Opinión Nacional

Europa: el drama de una izquierda cabezona

El editorial de Le Monde publicado el pasado 27 de diciembre evidencia que “Chávez ha logrado fascinar a múltiples grupos de un pensamiento progresista (y algunos que no lo son tanto)…puesto que precisamente este ha sido una de las pocas figuras elegida democráticamente, capaz de pronunciarse en contra de la hegemonía de una economía de libre mercado…” (Zubillaga, 2002).

Le Monde afirmó en su editorial: “el chavismo es una se esas manifestaciones electorales atípicas, producto de una crisis de adaptación al modelo liberal en los ricos y mal gobernados países latinoamericanos. En la versión trágica está Argentina; y en su modo más optimista está la elección de Luis Inacio da Silva en Brasil. Venezuela no debe ser una segunda Argentina”. Tiene razón, pero no profundizó.

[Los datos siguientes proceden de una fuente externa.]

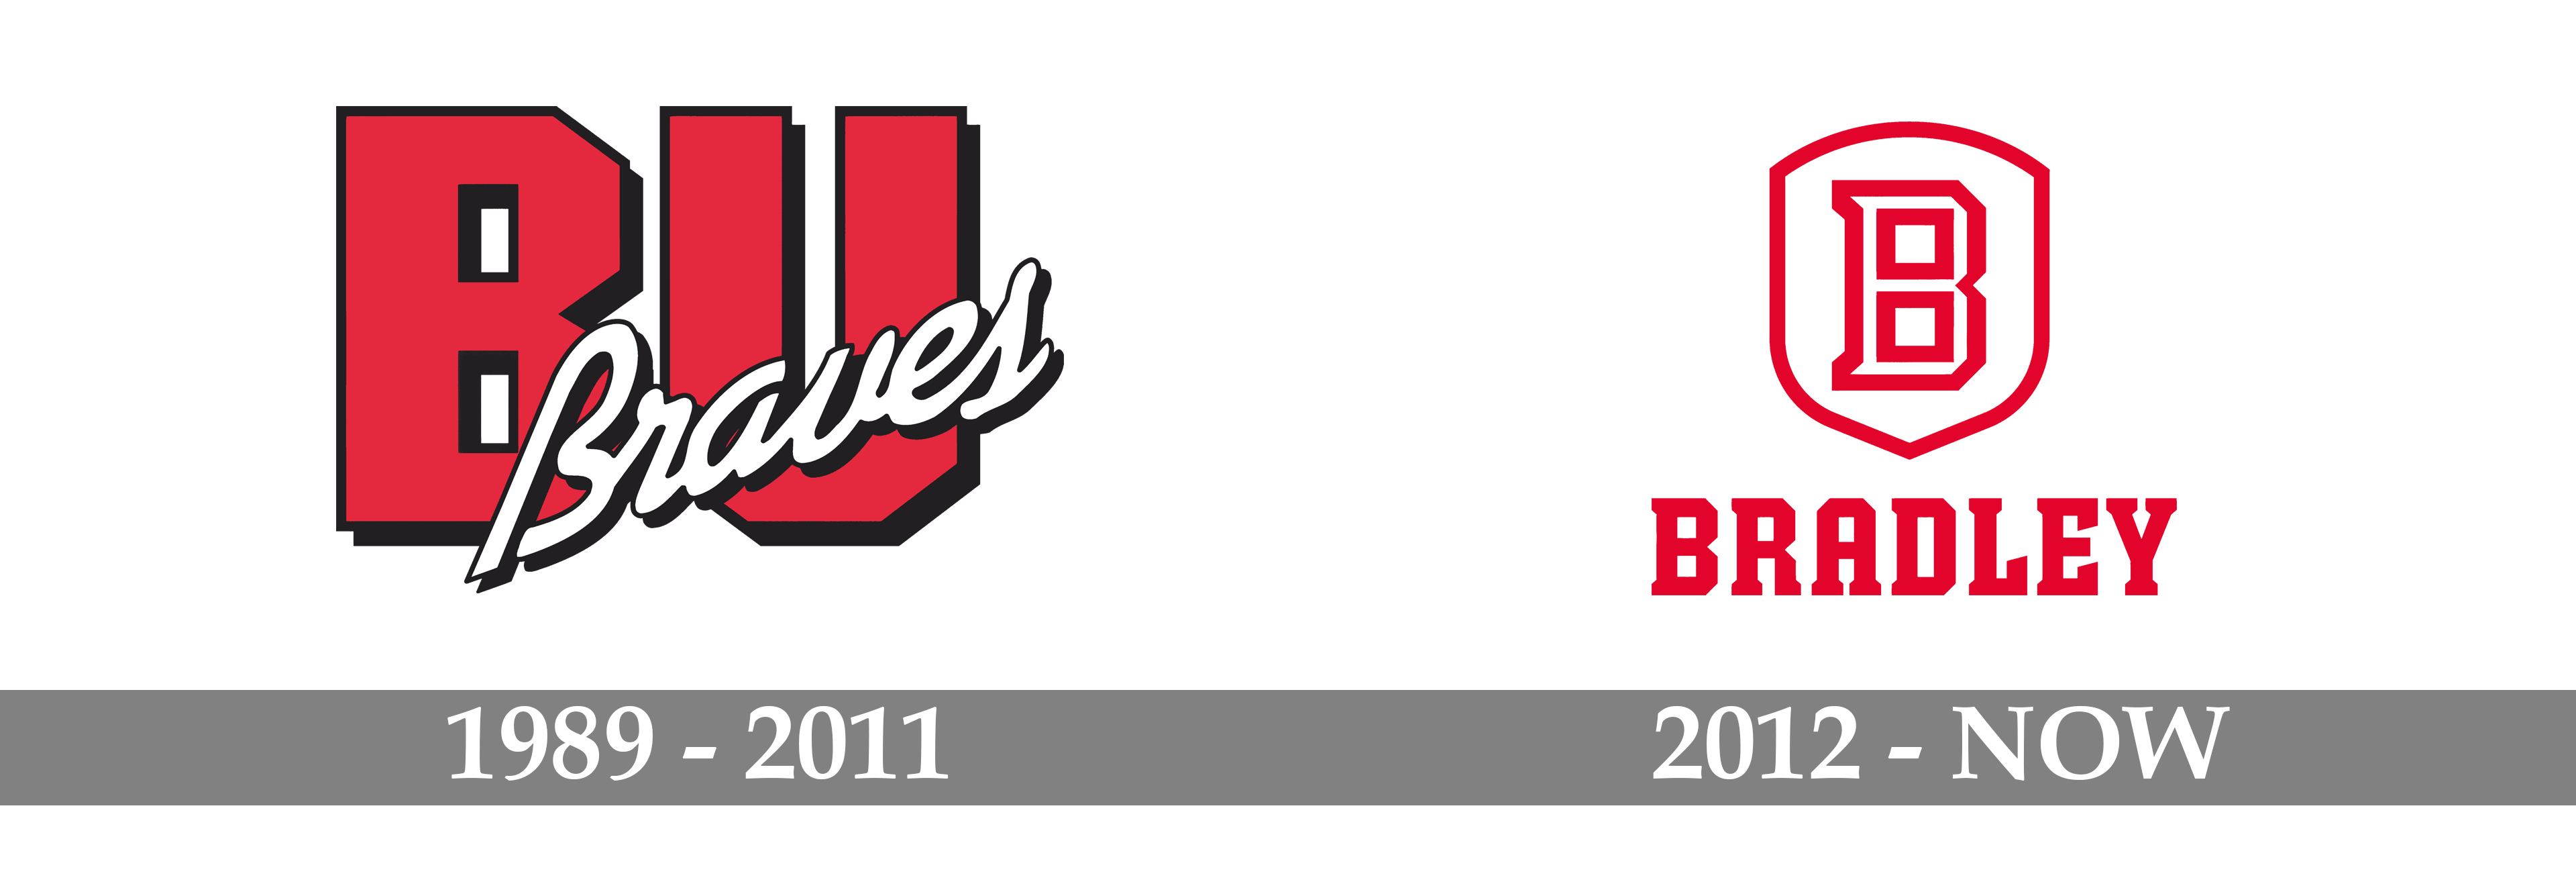 https://1000logos.net/wp-content/uploads/2022/04/Bradley-Braves-Logo-history.png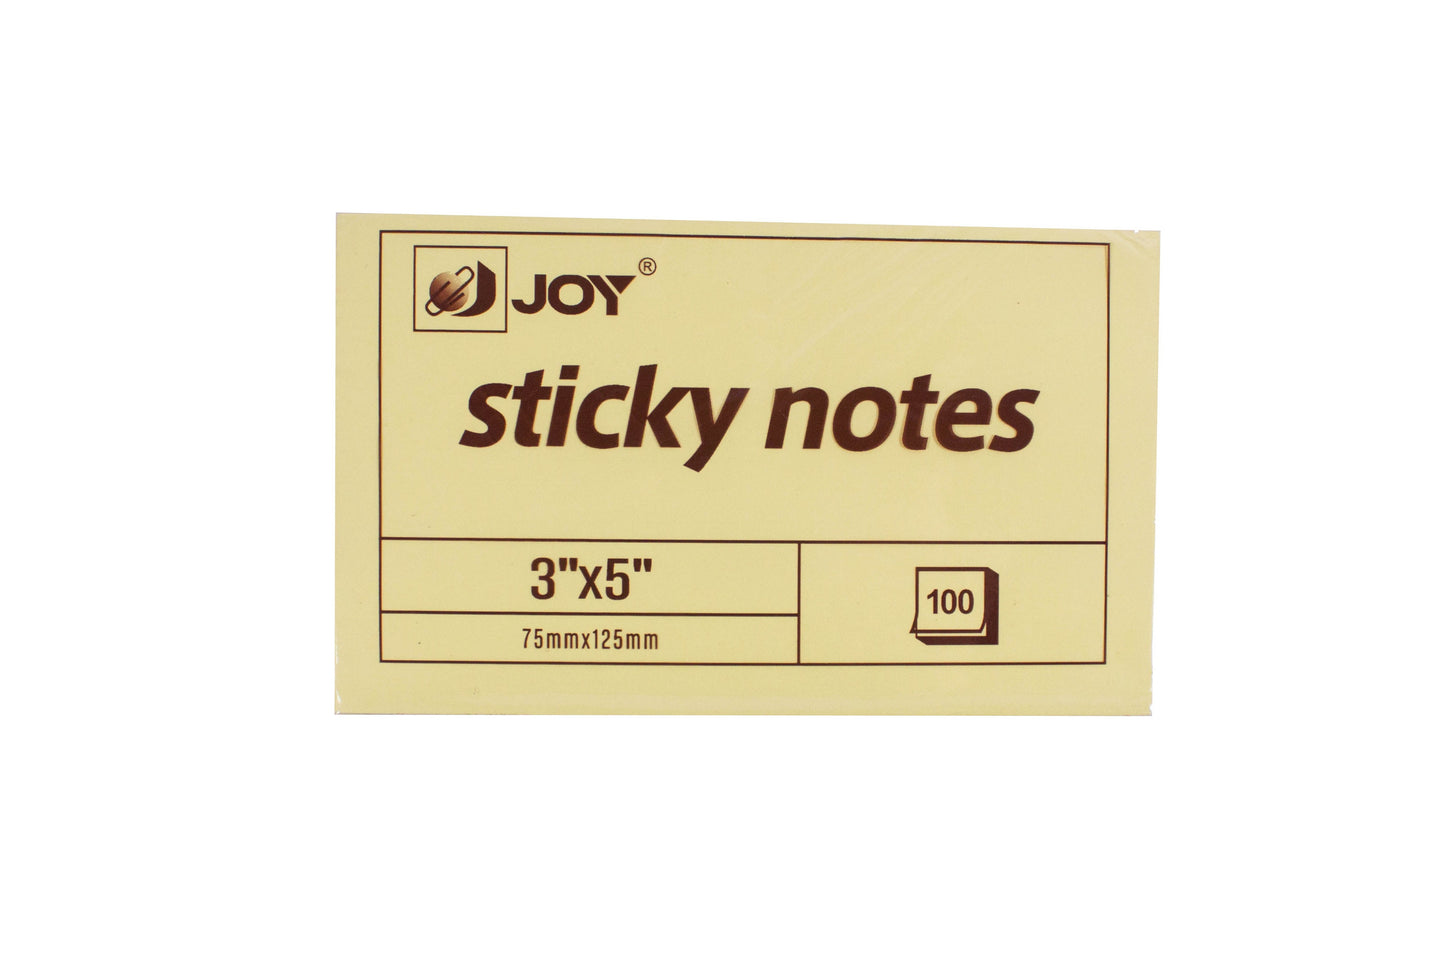 Joy Sticky Note 3in x 5in 100 sheets

Sólo se preocupó por abordar la crisis de Venezuela y el Continente en forma general y simple. Al parecer el periodismo de Le Monde no admite detalles; y eso es muy peligroso, pues es en este punto donde los análisis se derrumban. Eso también ha venido sucediendo a Ramonet, Jean Ziegler y a ciertos intelectuales de la “izquierda” europea.

No comparto el maniqueísmo con el que estos personajes abordan el estudio de nuestra realidad, queriendo limitar la comprensión de la historia al espectro simplista de la derecha y la izquierda, del indio oprimido y el blanco opresor. Los venezolanos y latinoamericanos somos mucho más complejos y ricos que Hugo Chávez y la oligarquía caraqueña.

Es cierto que parte de la “burguesía venezolana” -como lo señala la editorial de Le Monde- desde el principio se sintió alarmada por los pocos modales del “indio mestizo” y que el chavismo derrotó democráticamente a la vieja guardia política, corrupta e ineficiente. Pero no es menos cierto que esta revolución no fue más allá de la palabra, ese “populismo generoso” (y a mi modo de ver perverso) al que hace referencia el periódico francés con tanta simpatía y de pasadita para no profundizar en el tema.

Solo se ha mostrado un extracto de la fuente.